Dr. Wilfried Ballaschk  - Rechtsanwalt

 

Der Eigentümer kann sich der Haftung als Zustandsstörer (§ 1004 Abs. 1 BGB) nicht durch Verzicht auf sein Eigentum entziehen.

 

BGH, Urteil v. 30. März 2007 - V ZR 179/06

 

Sachverhalt:

Der Kläger ist Grundstückseigentümer. Aufgrund eines Mietvertrages errichtete der ursprüngliche Mieter eine Bootsanlage mit Gebäuden und Baulichkeiten, die nach dem Mietvertrag nur zu einem vorübergehenden Zweck errichtet waren und Eigentum des Mieters bleiben sollten. Später verkaufte er die Bootsanlage an einen 2. Mieter. Dessen Mietvertrag war befristet. Vor Ablauf der Befristung verkaufte der 2. Mieter die Bootsanlage weiter. Der Käufer bemühte sich erfolglos um einen Erwerb des Grundstücks und später um den Abschluss eines neuen Mietvertrages. Der Grundstückseigentümer lehnte ab und verlangte nach Ablauf der Mietzeit Herausgabe und Räumung.

Im Prozess hat der Käufer erklärt, er gebe einen etwaigen Besitz auf und sei mit der Entfernung der Aufbauten durch den Grundstückseigentümer einverstanden.

Daraufhin wurde die Klage in 2. Instanz abgewiesen. Das Berufungsgericht hat erklärt, die Voraussetzungen des § 1004 BGB (Beseitigung der Beeinträchtigung des Eigentums durch den Störer) lägen nicht vor. Da die Bauten nicht auf Veranlassung des Beklagten errichtet worden seien, komme eine Zurechnung als Handlungsstörer nicht in Betracht. Zustandsstörer sei der Beklagte nicht mehr, weil die Erklärung in der mündlichen Verhandlung zur Aufgabe des Eigentums geführt hätten.

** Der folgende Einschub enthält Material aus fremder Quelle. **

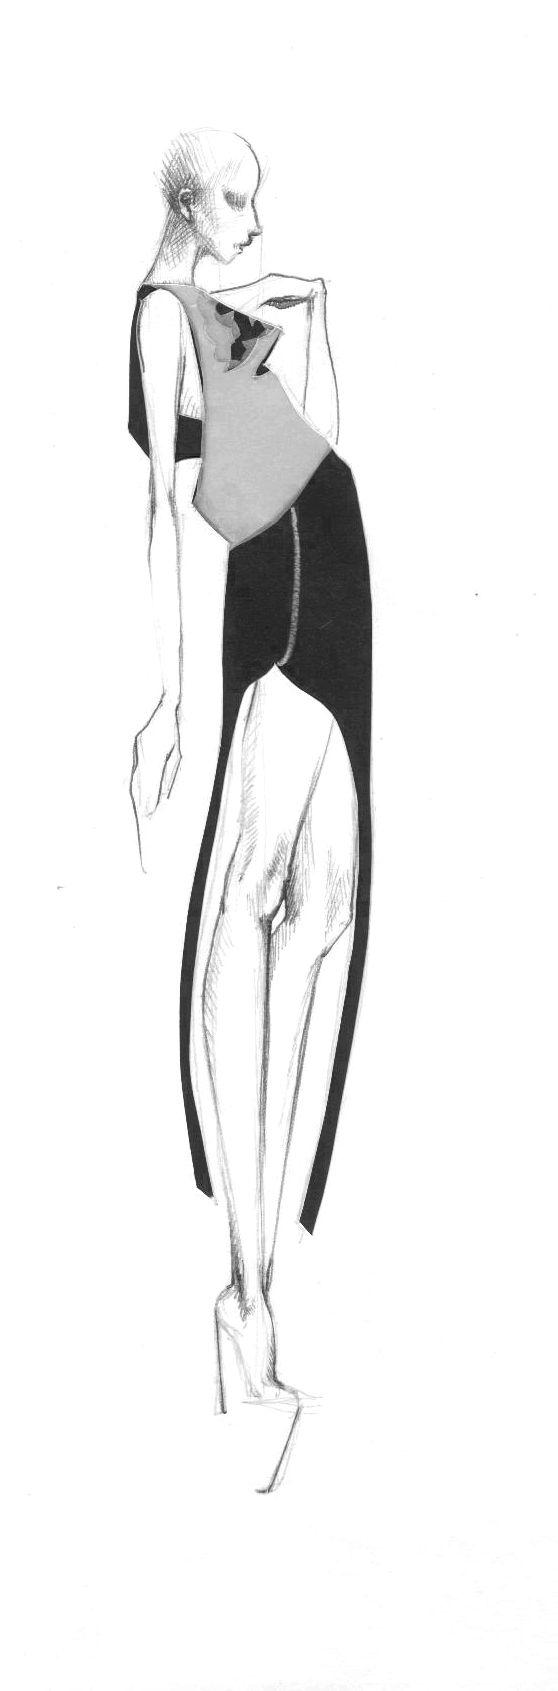 Okolo Své Osy - Módní Ilustrace Módní ilustrace anebFashion Illustration Ilustrace je součástí módníkolekce Okolo své osyaneb 'What goes around, comes around...' Originál Velikost: A4 Materiál: Tvrdý bílý papír, kopírovací papír, černý papír Styl: vrstvení, vařezávání, kresba tužkou
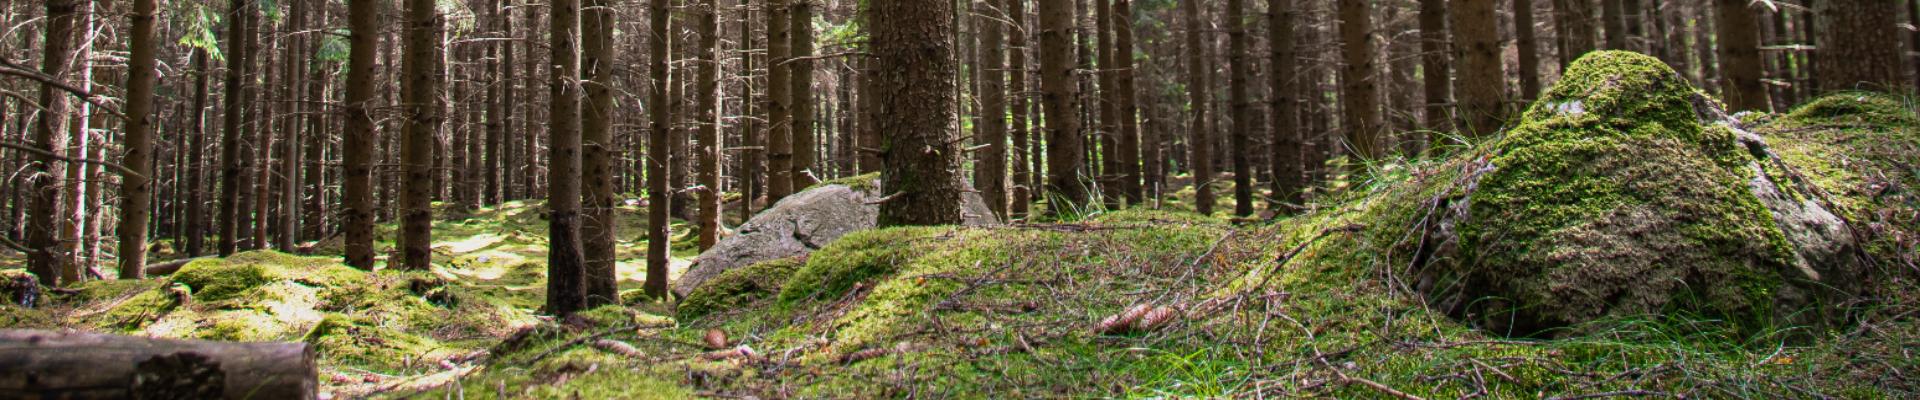 Asume Võrumaa metsade vahel Verijärvel. Elevandile omane enesekindlus ja töökus on meid viinud liimpuitkomponentide valdkonna turuliidriks terves Euroopas.

Der BGH hat dieses Urteil aufgehoben.

 

Aus den Gründen:

Es entspricht der Rechtsprechung des Senats, dass sich der Eigentümer einer Haftung als Zustandsstörer nicht durch Verzicht auf sein Eigentum entziehen kann. Der gegenteilige Standpunkt des Berufungsgerichts führte dazu, dass die Vorschrift des § 1004 BGB die ihr zugedachte Aufgabe, zusammen mit § 985 BGB das Eigentum und die damit verbundene Sachherrschaft in umfassender Weise zu schützen, nur noch unvollständig erfüllen könnte. Das ist deshalb nicht hinnehmbar, weil deliktsrechtliche Schadensersatzansprüche wegen des Verschuldenserfordernisses keinen dem negatorischen Beseitigungsanspruch gleichwertigen Eigentumsschutz gewährleisten.

Dem steht nicht entgegen, dass ein Beseitigungsanspruch aus § 1004 BGB infolge der Veräußerung der störenden Sache entfallen kann. Denn der Wegfall der Haftung beruht in solchen Fällen zum einen darauf, dass der Störer infolge der auf den Rechtsnachfolger übergehenden umfassenden Sachherrschaft in der Regel nicht mehr in der Lage ist, die Störung zu beseitigen, und zum anderen darauf, dass die Beseitigung der Störung bei Übernahme der umfassenden Sachherrschaft nunmehr Sache des Erwerbers als Ausdruck seiner Verantwortlichkeit als Zustandsstörer ist.

 

Die Voraussetzungen des § 1004 Abs. 1 BGB liegen vor. Insbesondere stellt der weitere Verbleib der als Scheinbestandteile nach § 95 BGB zu qualifizierenden Bauten auf dem Grundstück eine dem Beklagten als Zustandsstörer zurechenbare Eigentumsbeeinträchtigung dar. Zwar ist eine Störung dem Eigentümer nicht schon allein wegen seines Eigentums zuzurechnen. Erforderlich ist vielmehr darüber hinaus, dass die Beeinträchtigung zumindest mittelbar auch auf seinem Willen beruht. Diese Voraussetzung ist jedoch auch dann gegeben, wenn die Störung - wie hier - mit dem maßgebenden Willen desjenigen aufrechterhalten wird, der infolge Eigentumserwerbs die Herrschaft über die störenden Sachen übernommen hat.

Einer Duldungspflicht aus abgeleitetem Recht entsprechend § 986 Abs. 1 Satz 1 BGB steht entgegen, dass die Errichtung der Baulichkeiten nur zum vorübergehenden Verbleib gestattet worden war.